Clovis Oncology has settled SEC allegations that its executives misled investors about the efficacy of rociletinib in a filing to raise $298 million. Patrick Mahaffy, who remained CEO despite the scandal, is paying $250,000 to get out from under allegations that he played a prominent role.
The allegations date back to 2015. In May of that year, Clovis presented data linking EGFR inhibitor rociletinib to a 60% objective response rate (ORR). The data dialed up expectations for rociletinib, also known as Roci, but the picture inside Clovis allegedly changed shortly after the data drop.
On July 7, the SEC alleges (PDF) Mahaffy and then-CFO Erle Mast learned that Clovis’ FDA filing for Roci would put the unconfirmed ORR at 42%. At that point, the confirmed ORR came in at 31%. The following day, Clovis claimed Roci achieved a 60% ORR in a filing to raise $298 million, without saying that the result was unconfirmed
“Mahaffy and Mast formally approved, in writing, the filing of the Prospectus Supplement with the SEC and the use of the roadshow presentation that both referenced the ASCO 2015 60% ORR,” the SEC wrote in its complaint. “These documents gave investors the false impression that Roci’s ORR continued to be 60%.”

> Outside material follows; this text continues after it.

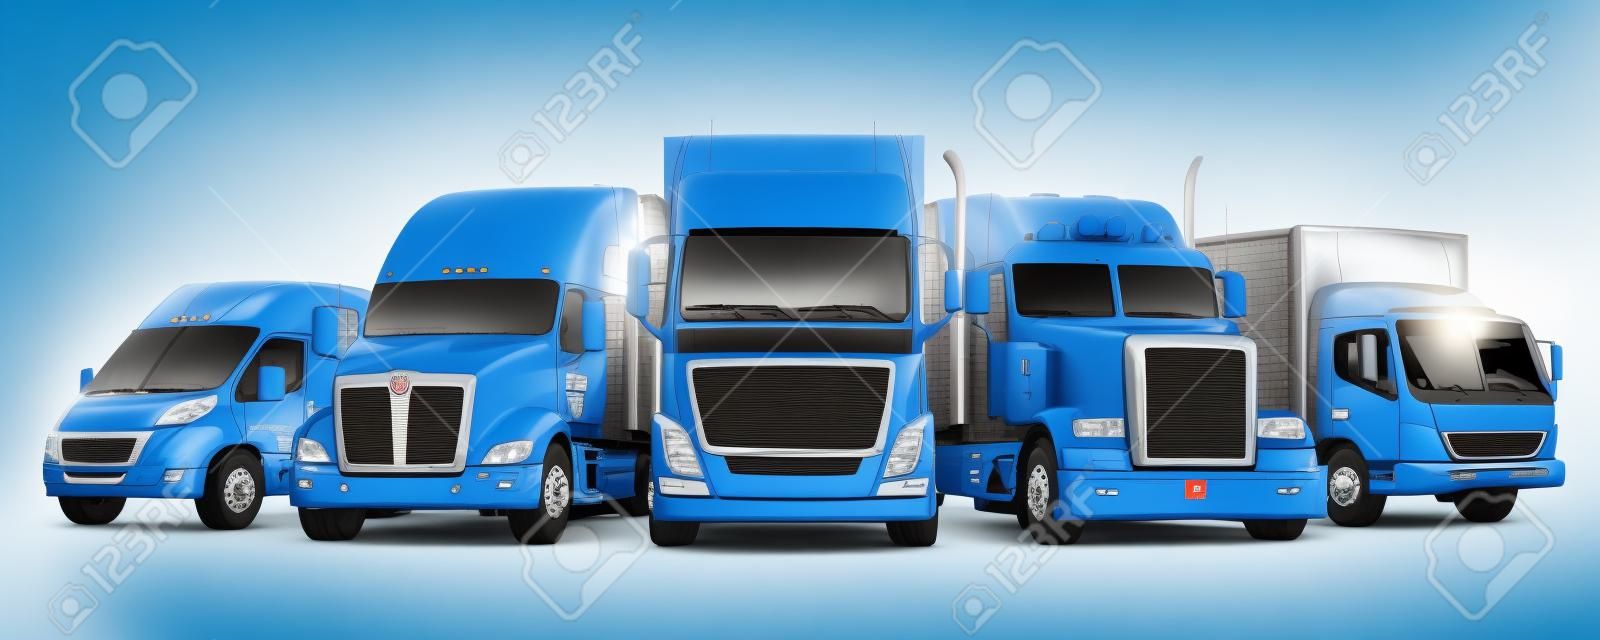 Fleet of Freight Transportation

The situation reached a head in November. In the SEC’s telling of events, Clovis learned that the FDA disagreed with its ORR calculation on Nov. 9. By the FDA’s reckoning, the actual ORR languished in the 20s. The day after hearing from the FDA, Clovis cited the 60% ORR at an investor conference. Six days later, Clovis revealed that the FDA put the ORR at 28%, precipitating a 70% drop in its stock price.
Clovis emerged with a battered stock price, a tattered reputation and, according to the SEC, a bank balance boosted by stock sales made on the basis of lies. The money enabled Clovis to bring PARP inhibitor Rubraca to market.
Mahaffy is paying $250,000, a fraction of his annual pay packet, to settle his part of the case. Mast is getting off the hook with a $100,000 payment. The SEC settlement hits Clovis—and, by extension, its investors—the hardest. Clovis is paying the SEC $20 million.